Testing Agents

Reference Document: This page provides detailed reference for testing agent packages.

For step-by-step agent creation, see Creating Agent Packages.

This guide covers testing patterns for Lobster agent packages. The lobster.testing module provides mock objects, fixtures, and contract validation mixins to ensure your agents work correctly.

The lobster.testing Module

The lobster.testing module provides everything you need to test agents without real LLM calls or data persistence:

from lobster.testing import (
    # Mock objects
    MockDataManager,
    MockLLM,
    MockLLMResponse,
    MockProvenanceTracker,
    # Contract validation
    AgentContractTestMixin,
    # Fixtures
    create_test_workspace,
)

MockDataManager

MockDataManager provides a fully mocked DataManagerV2 with in-memory behavior:

from pathlib import Path
from lobster.testing import MockDataManager

# Create mock data manager (workspace_path MUST be Path, not str)
dm = MockDataManager(workspace_path=Path("/tmp/test_workspace"))

# Add test data
import anndata as ad
import numpy as np

adata = ad.AnnData(X=np.random.randn(100, 50))
dm.add_modality("test_data", adata)

# Use in tests
assert dm.has_modality("test_data")
assert "test_data" in dm.list_modalities()
retrieved = dm.get_modality("test_data")
assert retrieved.shape == (100, 50)

Key Features

In-memory storage: No disk I/O, fast tests
Tool usage tracking: Records all log_tool_usage() calls
Provenance tracking: Mock ProvenanceTracker for IR validation
Plot management: Stores plot data in memory

Critical: workspace_path must be a Path instance, not a string. This enforces the Phase 5 decision (05-02) that workspace_path is always Path type.

# CORRECT
dm = MockDataManager(workspace_path=Path("/tmp/test"))

# WRONG - raises TypeError
dm = MockDataManager(workspace_path="/tmp/test")

Tracking Tool Usage

Verify your agent tools log provenance correctly:

from lobster.testing import MockDataManager
from pathlib import Path

dm = MockDataManager(workspace_path=Path("/tmp/test"))

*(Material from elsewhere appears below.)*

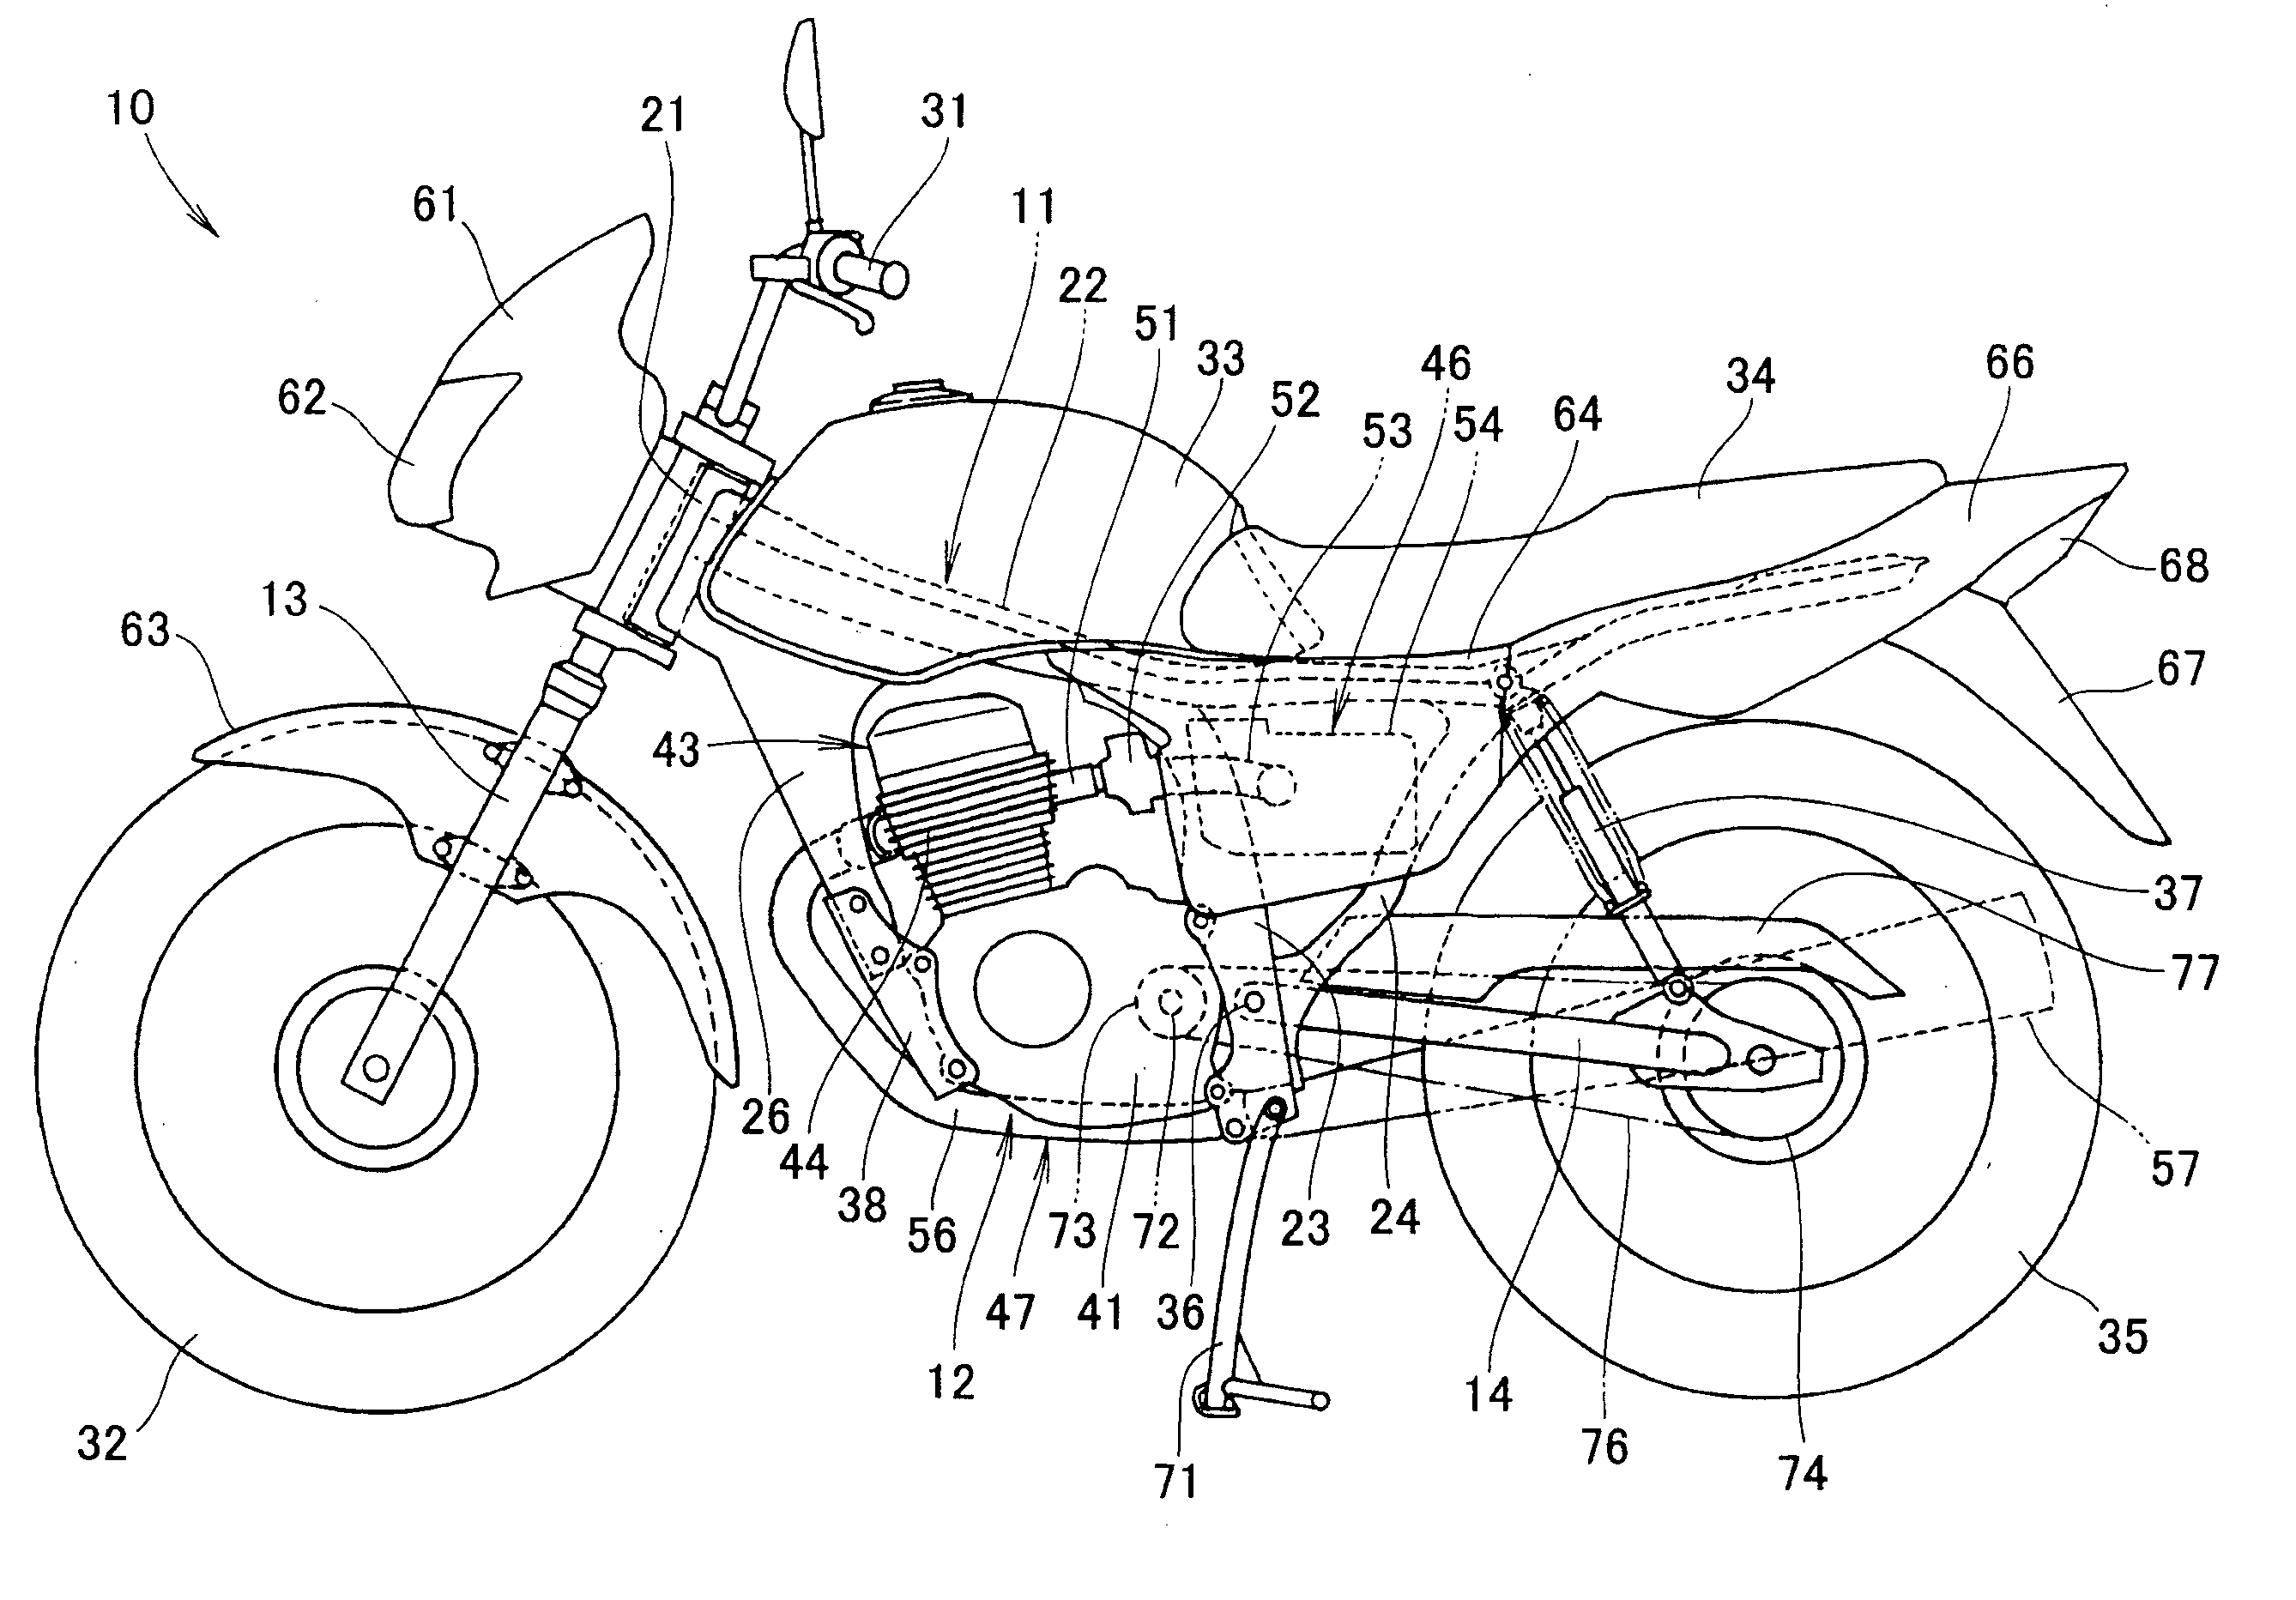 Vehicle fuel supply device and fuel filter structure

# Your tool calls dm.log_tool_usage(...)
dm.log_tool_usage(
    tool_name="cluster_modality",
    params={"resolution": 0.5},
    stats={"n_clusters": 10},
    ir=mock_analysis_step,
)

# Verify in tests
history = dm.get_tool_usage_history()
assert len(history) == 1
assert history[0]["tool_name"] == "cluster_modality"
assert history[0]["ir"] is not None  # IR is mandatory

MockLLM

MockLLM simulates LLM responses without API calls:

from lobster.testing import MockLLM

# Basic usage
llm = MockLLM(default_response="Analysis complete")
response = llm.invoke("Cluster the data")
assert response.content == "Analysis complete"

# Keyword-based responses
llm = MockLLM(default_response="Unknown request")
llm.add_response("cluster", "Clustering started")
llm.add_response("annotate", "Annotation complete")

r1 = llm.invoke("Please cluster cells")  # Contains "cluster"
assert r1.content == "Clustering started"

r2 = llm.invoke("Annotate cell types")  # Contains "annotate"
assert r2.content == "Annotation complete"

Response Sequences

For multi-turn conversations:

from lobster.testing import MockLLM

llm = MockLLM()
llm.set_response_sequence([
    "First, I'll check the data quality.",
    "Now clustering the cells.",
    "Found 12 clusters. Running annotation.",
    "Analysis complete!"
])

# Each invoke() returns the next response in sequence
r1 = llm.invoke("Start analysis")
assert r1.content == "First, I'll check the data quality."

r2 = llm.invoke("Continue")
assert r2.content == "Now clustering the cells."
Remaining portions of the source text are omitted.